In recent years, deep learning, such as CNN, has attracted much attention and has achieved particular success in computer vision tasks. In our previous study, we developed an AI model to distinguish abnormal images from normal images in small bowel capsule endoscopy, and it was validated to exceed human performance [30]. In this study, we adopted CNN to analyse digital H&E-stained GC pathological images. Song et al. [9] reported deep learning model for GC detection by analysing histopathological images with validation in multicentre sample. They reached good performance and developed the system for pathologists to use the proposed model. However, they applied a large number of pixel-level manual annotations to train the model, which consumed a lot of time and effort of pathologists. The need for extensive manual annotation was also seen in the studies using AI for GC [23] and bladder [31] pathological diagnosis, different from the models proposed in our study. Due to the adoption of a weakly supervised model (specifical MIL) in our study, the only label we needed for training was the reported diagnoses made by pathologists in the course of their daily work, eliminating large manually annotated tasks that used to hinder the development and clinical practice of AI in pathology. And the system Song et al. [9] have developed may be too expensive (Small hospital: $84, 000-$87, 000; Large hospital: $161, 000-$164, 000) for economically underdeveloped areas with a shortage of pathologists, limiting its promotion in primary hospitals to a certain extent. We designed a website based on our analysis, simple and easy to use, and all the users need is a computer with an Internet connection or even an Internet-connected phone or tablet. When a histological image is uploaded without any professional annotation, the webpage will show a brief result of the primary type and survival prediction. The website identifies suspicious areas, thus improving diagnostic accuracy in a limited amount time, which will prove particularly useful in areas with a shortage of pathologists and in improving the diagnosis performance of junior pathologists who are under training.

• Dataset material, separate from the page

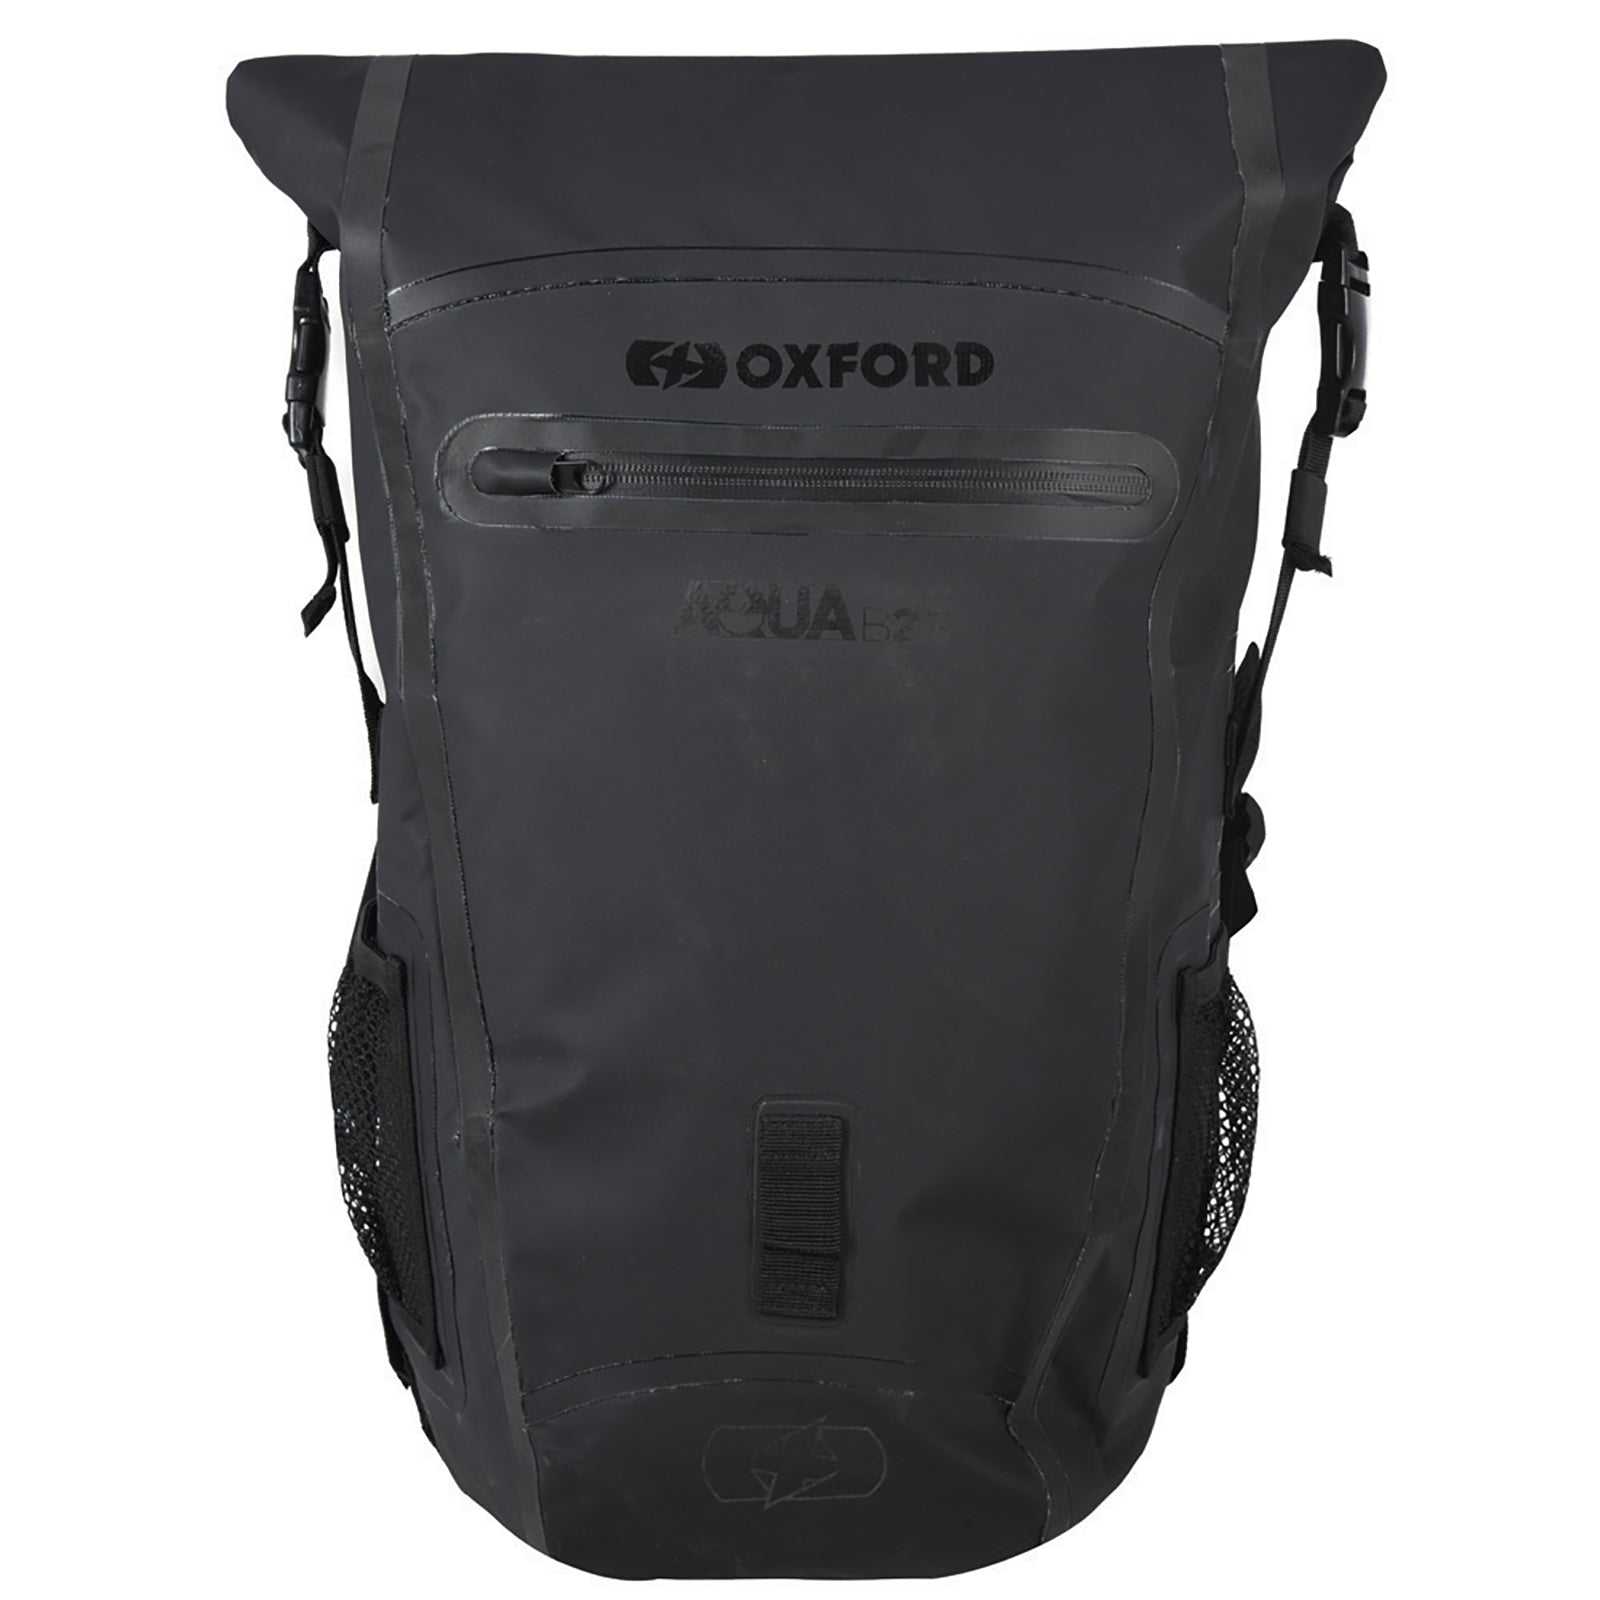 Oxford, Oxford Backpack Aqua B25 - Black / Grey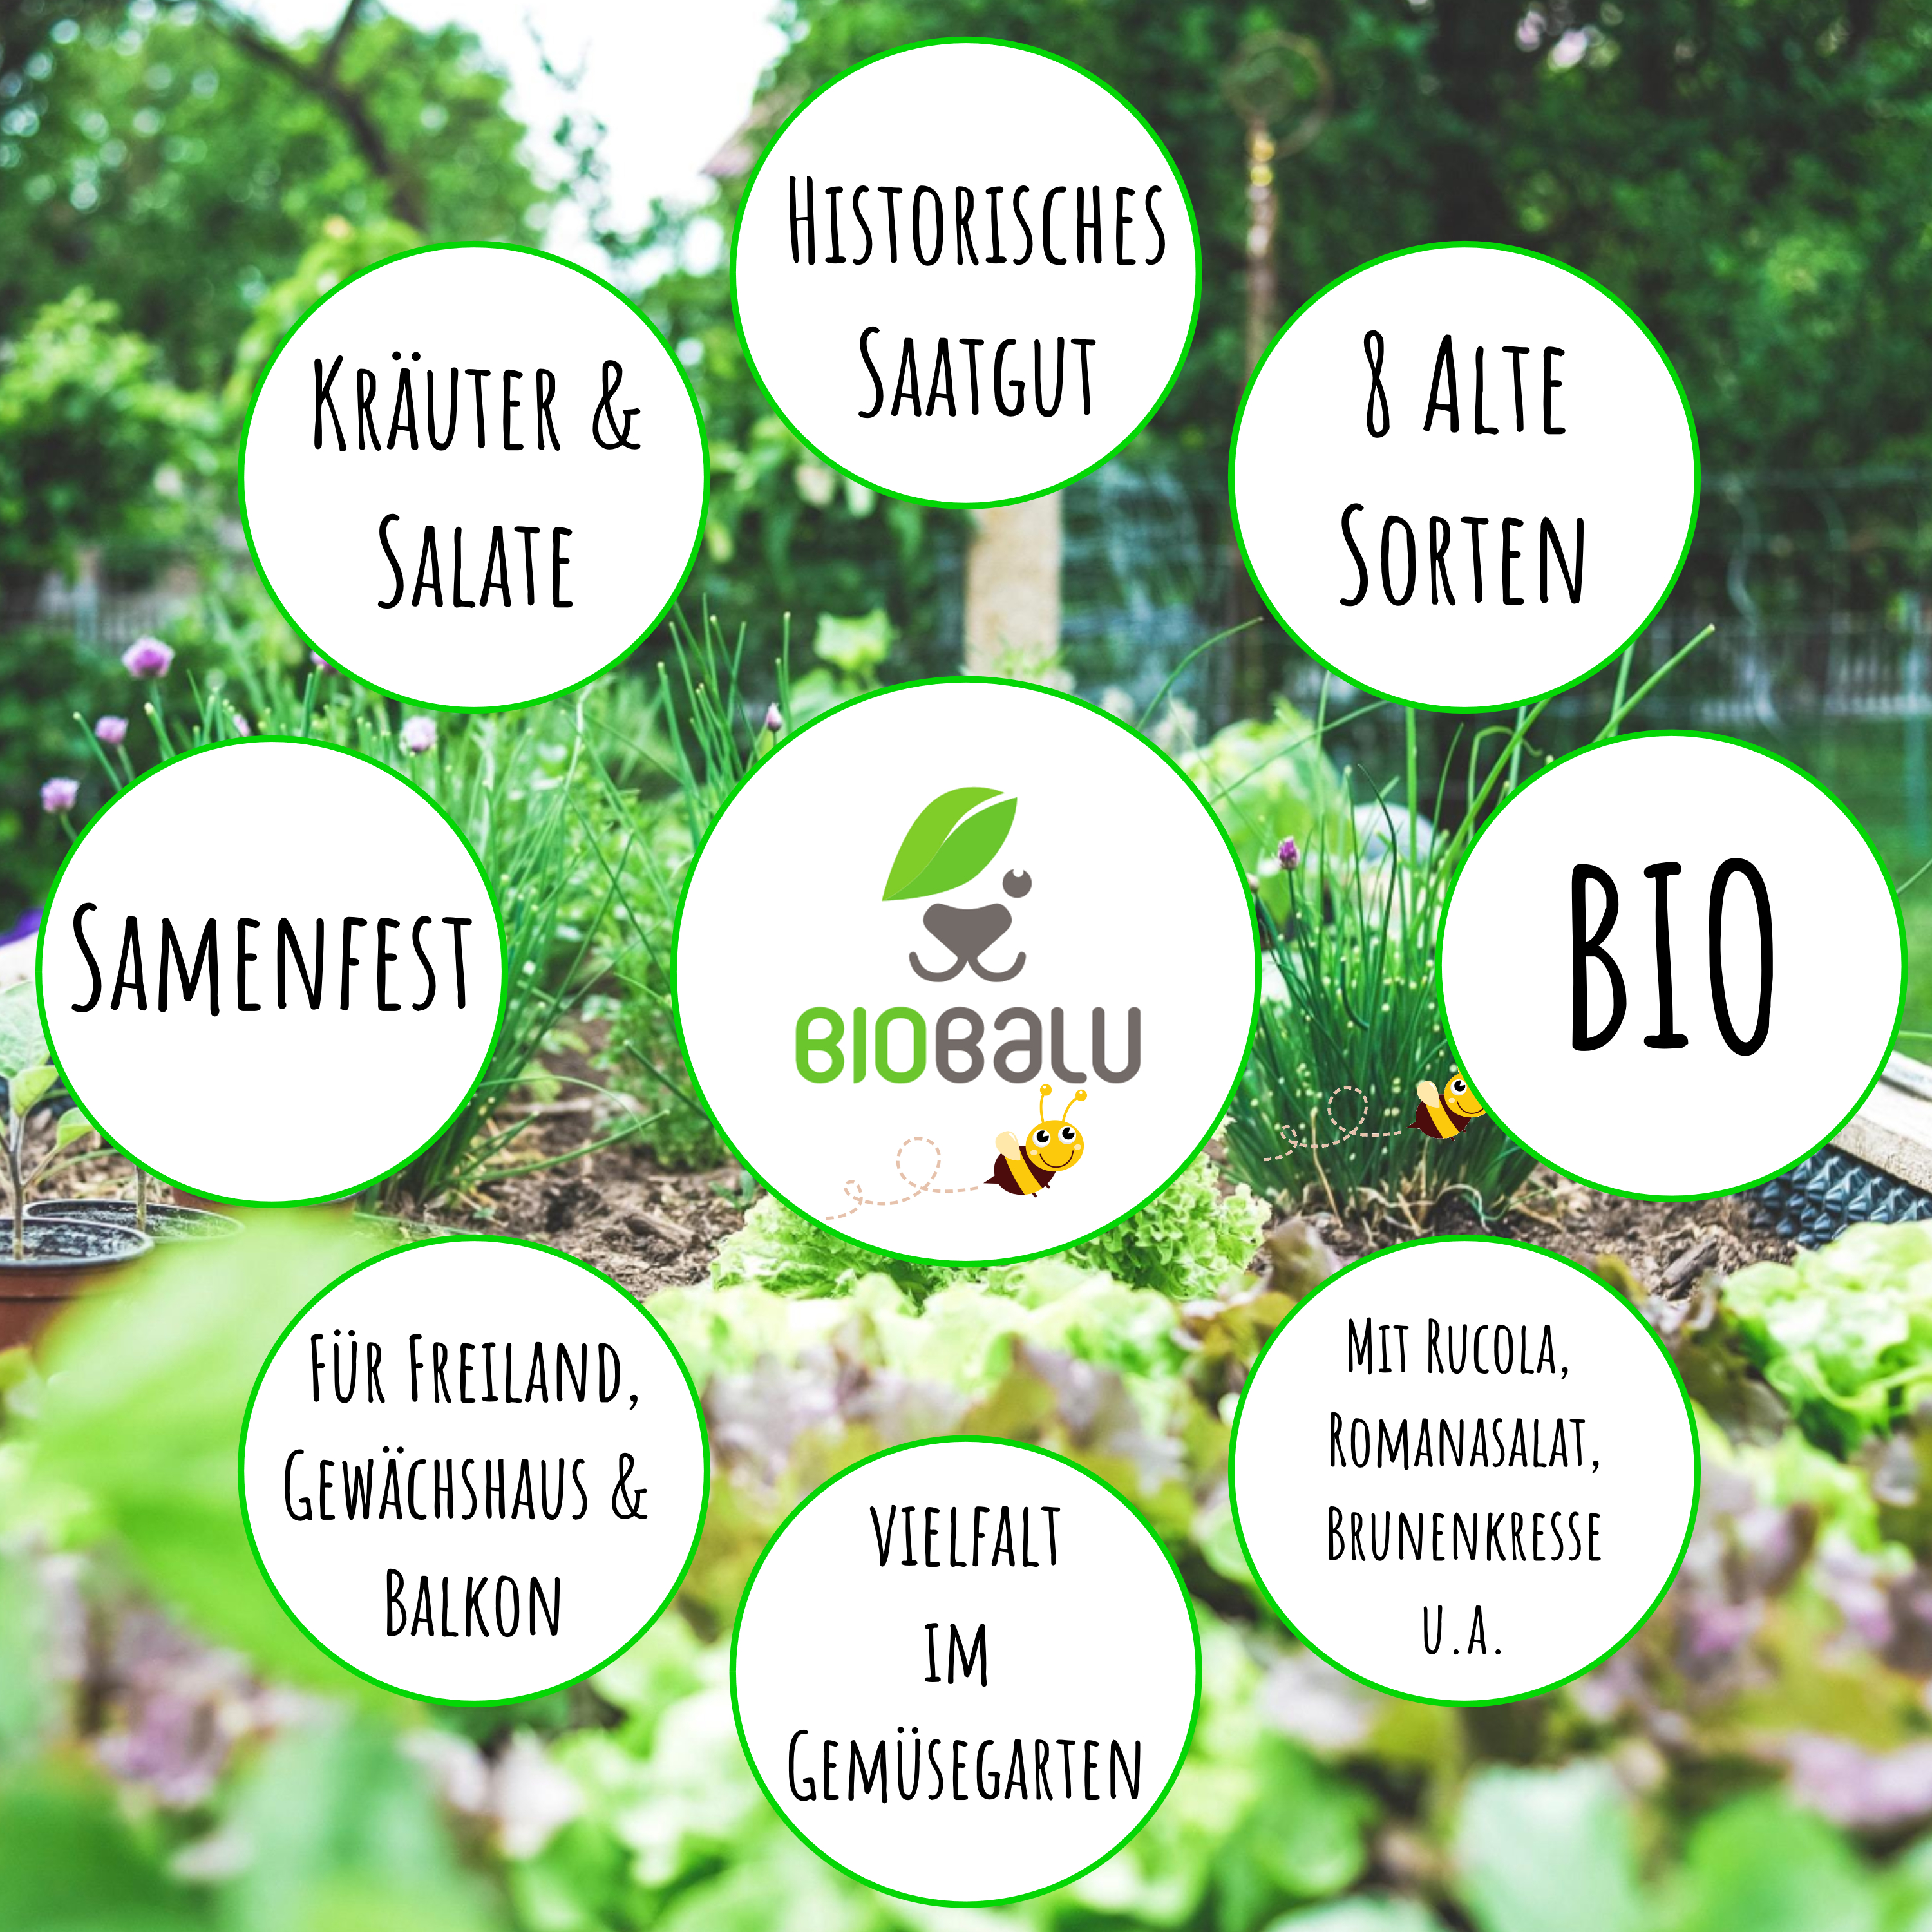 Biobalu Kräuter & Salat, 8 Alte Sorten, Historisches Saatgut Set

There have been a number of AI studies focusing on GC [19,20,[32], [33], [34], [35]]. Most of these previous studies relied on endoscopy, and a small amount of selected medical radiologic technology, such as computed tomography. Moreover, previous studies generally employed a small sample size from a single centre, lacking effective proof to validate the robustness of models. We constructed models on much larger datasets from two different cohorts, and validated on another independent external validation set, greatly enhancing the universality of the diagnostic and survival models. In the meantime, images in the external validation were diagnosed by human pathologists. By comparing the diagnosis performance of our model with that of junior and expert pathologists, the accuracy and reliability of our model was further confirmed.
For survival prediction, we designed MIL-GC algorithm in this study. The risk score generated by MIL-GC exhibited a distinguished performance in predicting OS among patients with GC, as reflected by the C-index of 0.728, 0.671, and 0.657 in the training, internal validation and external validation sets, respectively. Furthermore, we applied Cox regression analysis to determine whether the risk score generated by MIL-GC was an independent biomarker for the prediction of OS in GC patients. Fortunately, the risk score generated by MIL-GC remained strong in multivariate regression (HR = 2.976, P < 0.0001 in the internal validation set, and HR = 1.803, P = 0.043 in the external validation set) after the adjustment for established prognostic features, indicating that the risk score generated by MIL-GC will be a promising supplement to the established markers and help refine risk stratification among GC patients.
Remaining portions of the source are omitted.